17 may 2011

Critical Thinking

One thing I argued in my course proposal turned in yesterday was that "critical thinking" had turned into a sort of formalism, where mastery of the forms of academic discourse replaced a real engagement with great minds and rigorous forms of discipline. I see this tendency in Graff's Clueless in Academe, Fish's How to Write a Sentence, and possibly in Nussbaum's Not for Profit (though I'd have to read this book more carefully first to say this with confidence), in Clueless in Academe, etc...

Critical thinking and academic writing are abstract ideals that, when disconnected from specific forms of thought, tend to become reduced to shells of themselves.

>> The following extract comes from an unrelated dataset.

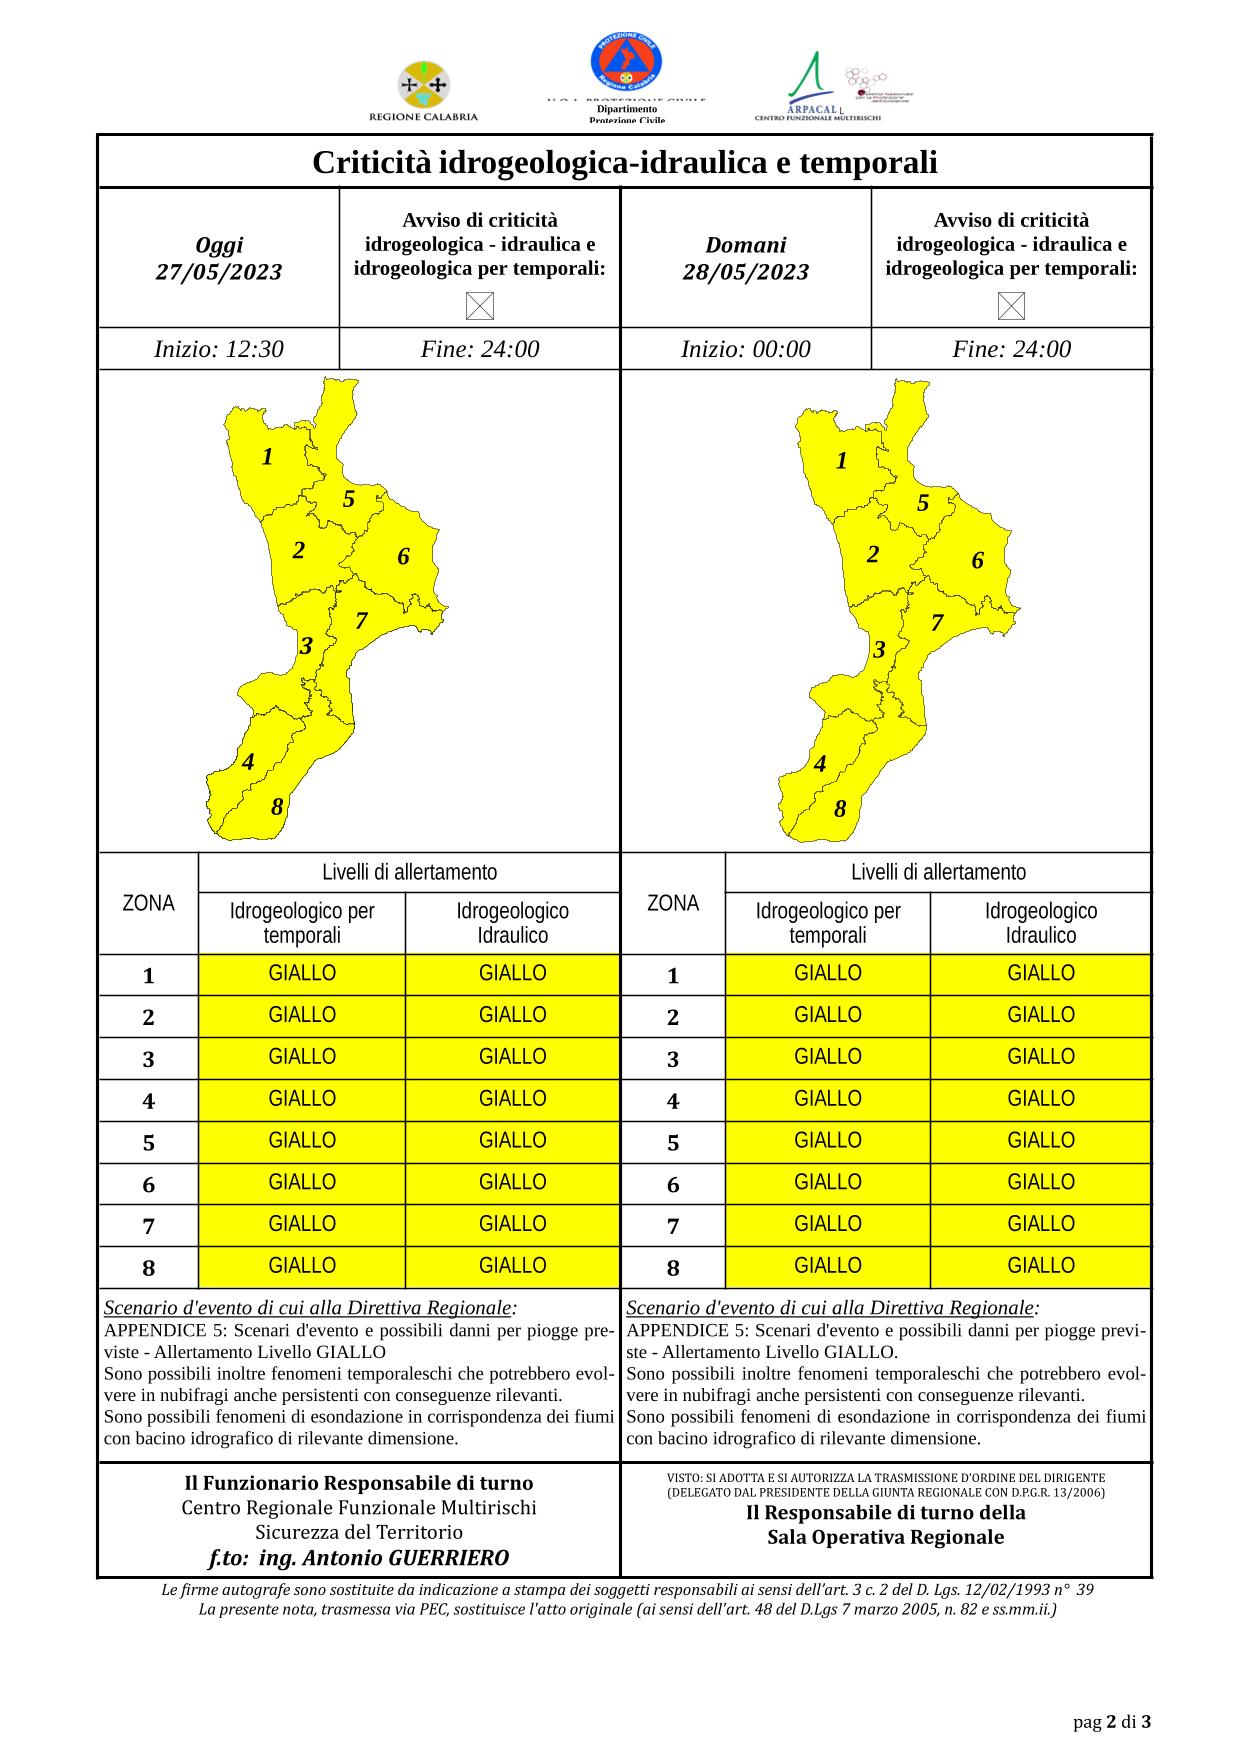 Criticità idrogeologica-idraulica e temporali in Calabria 27-05-2023

This follows my article "What Lorca Knew: Teaching Receptivity" which argued against Graff's formalism. There I advocated for an engagement with the "raw materials" of the humanities, poems, paintings, performances, plays, pieces of music, whether that engagement took the form of academic argumentation or not. Of course, I was making an academic argument myself. That doesn't make me a hypocrite, because I do value critical thinking and all the rest. I just don't see it as a panacea.

2 comentarios:

Spanish prof dijo...

I completely agree with your comment. However, isn't this formalism a part of what is considered acceptable scholarly research? I've written lately on the films that shaped me as a person while I was growing up, on certain film critics I admire because they connect watching movies with a certain engagement with the world. One of the reasons I didn't pursue a PhD in Cinema Studies was that I identify myself more with this tradition of film criticism (as exemplified by the first Cahiers du Cinema and others) than with anything I could find in Academia. I knew I would be out of of place

*To be fair, the main reason I got a PhD in Latin American literature was the comparative advantage. I knew it would be ten times easier to find a job.

Jonathan dijo...

I completely agree. I have 3 comments. 1, that academic research norms are too narrow, if they exclude writing coming out of the Cahiers du cinema tradition. Secondly, that you could get away with writing out of this tradition is you work in a Spanish dept. Thirdly, that norms of pedagogy are more flexible than those of scholarship, so that you can teach students to do other things with film aside from constructing academic arguments about it in certain narrow ways.